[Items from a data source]
════════════════════

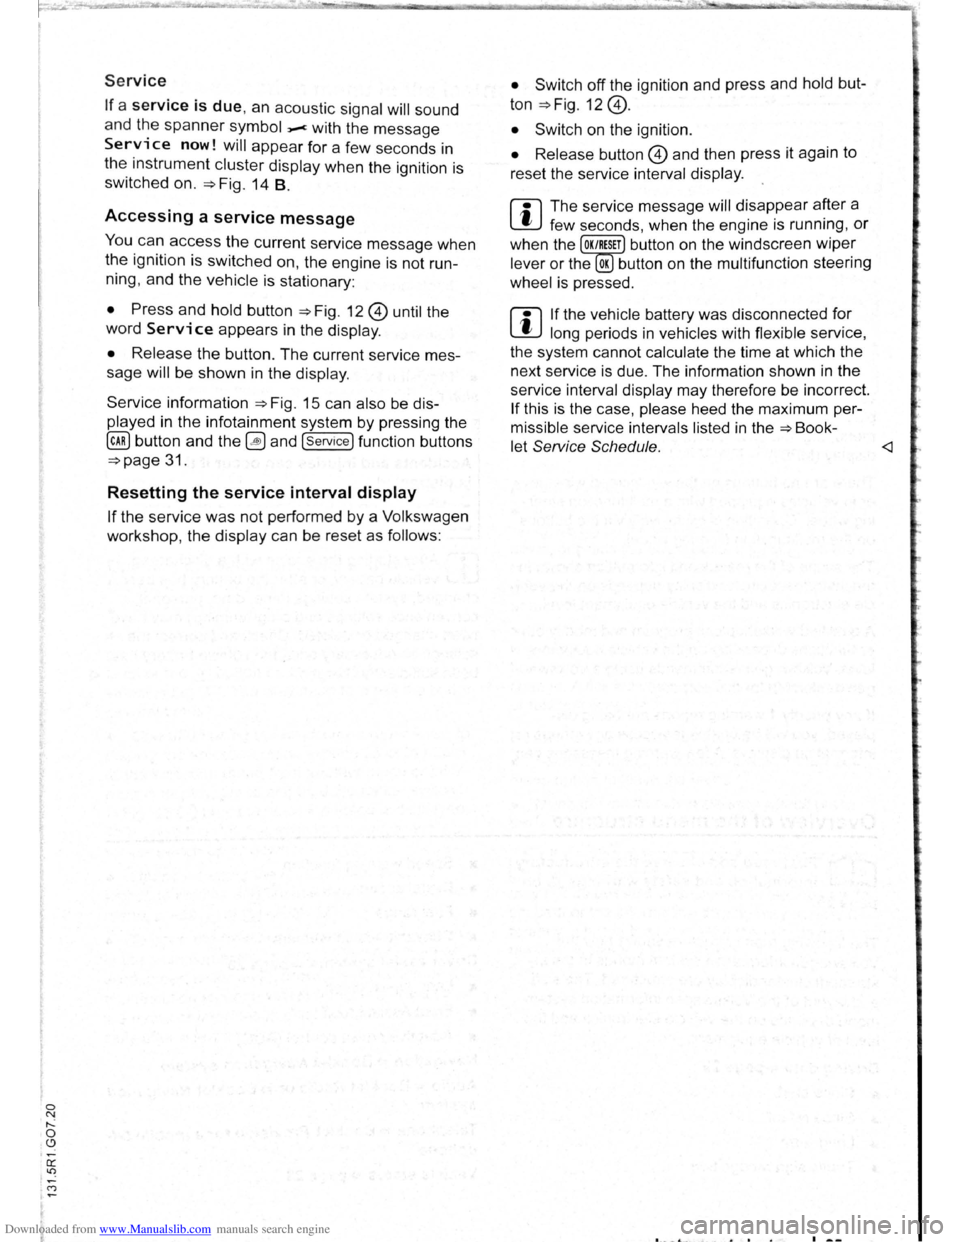 VOLKSWAGEN SCIROCCO 2009  Owners Manual Downloaded from www.Manualslib.com manuals search engine 0 N ,....: 0 .C) 
Service 
If a service is due, an acoustic signal will sound 
and the spanner symbol _.c with the message 
Service now! will a
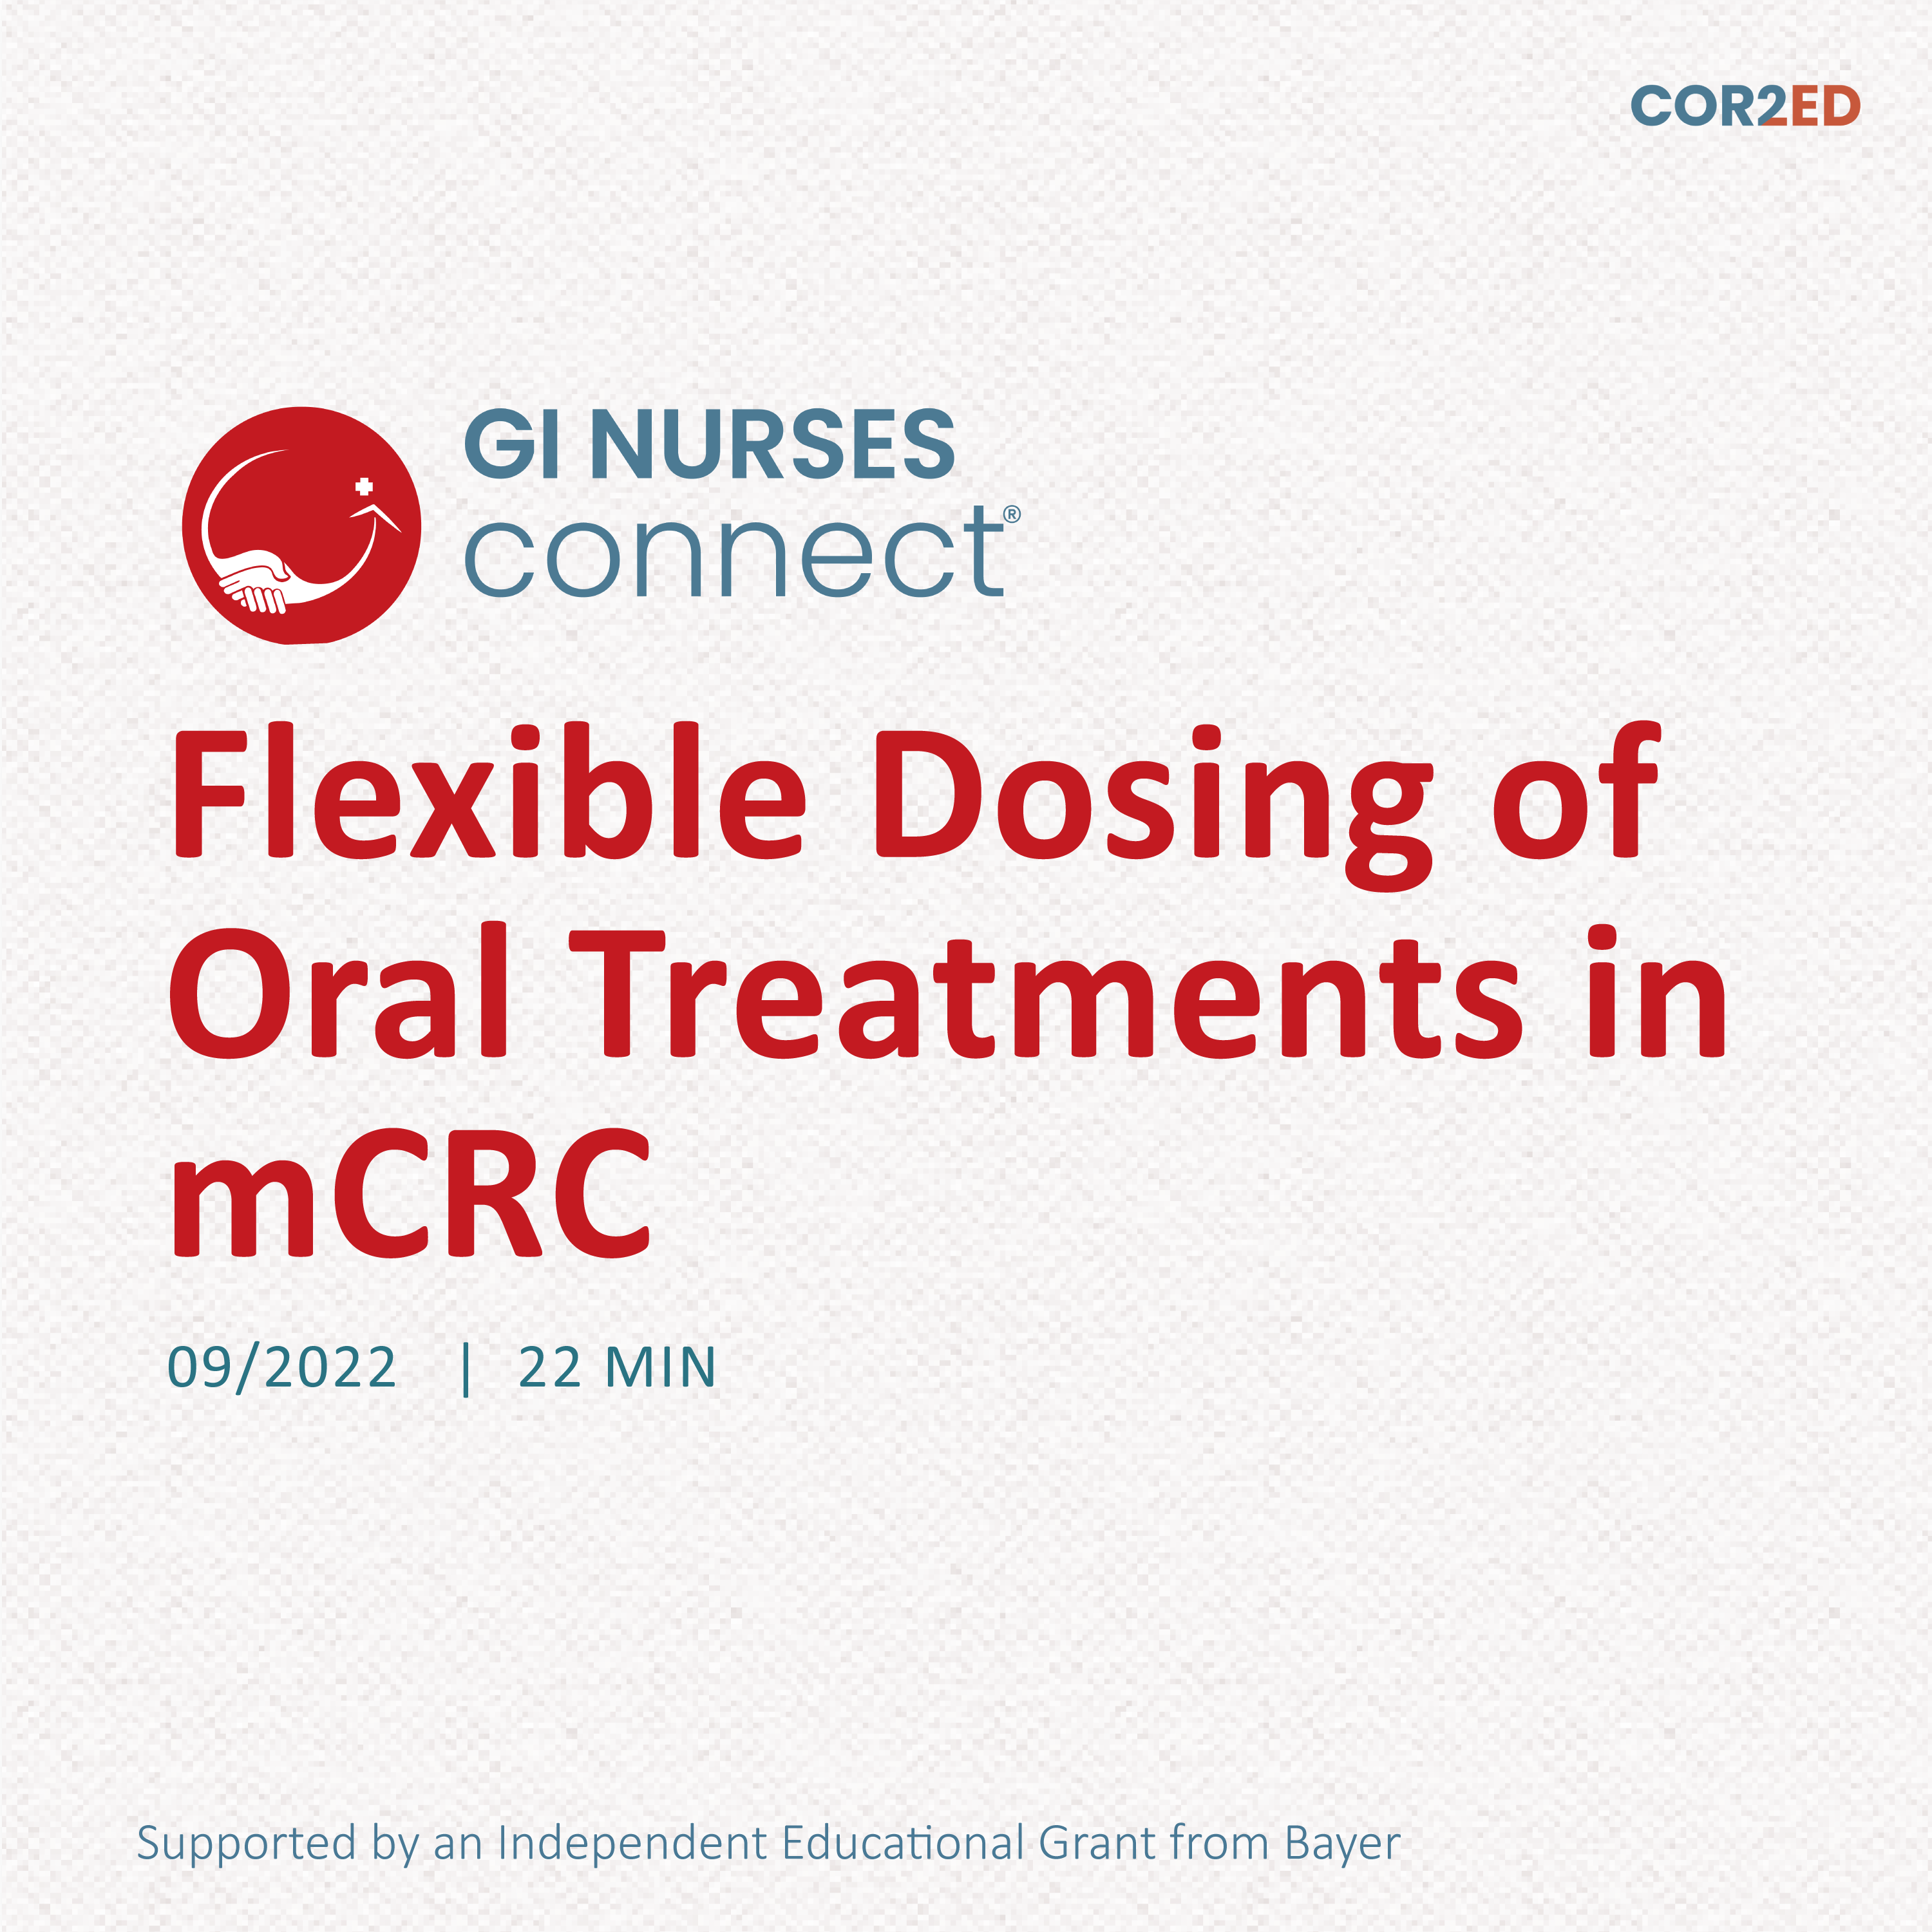 Flexible Dosing of Oral Treatments in mCRC

════════════════════

Instructions to follow: Return each line among the entries that holds the word "will".

Exercise output:
If a service is due, an acoustic signal will sound 
Service now! will a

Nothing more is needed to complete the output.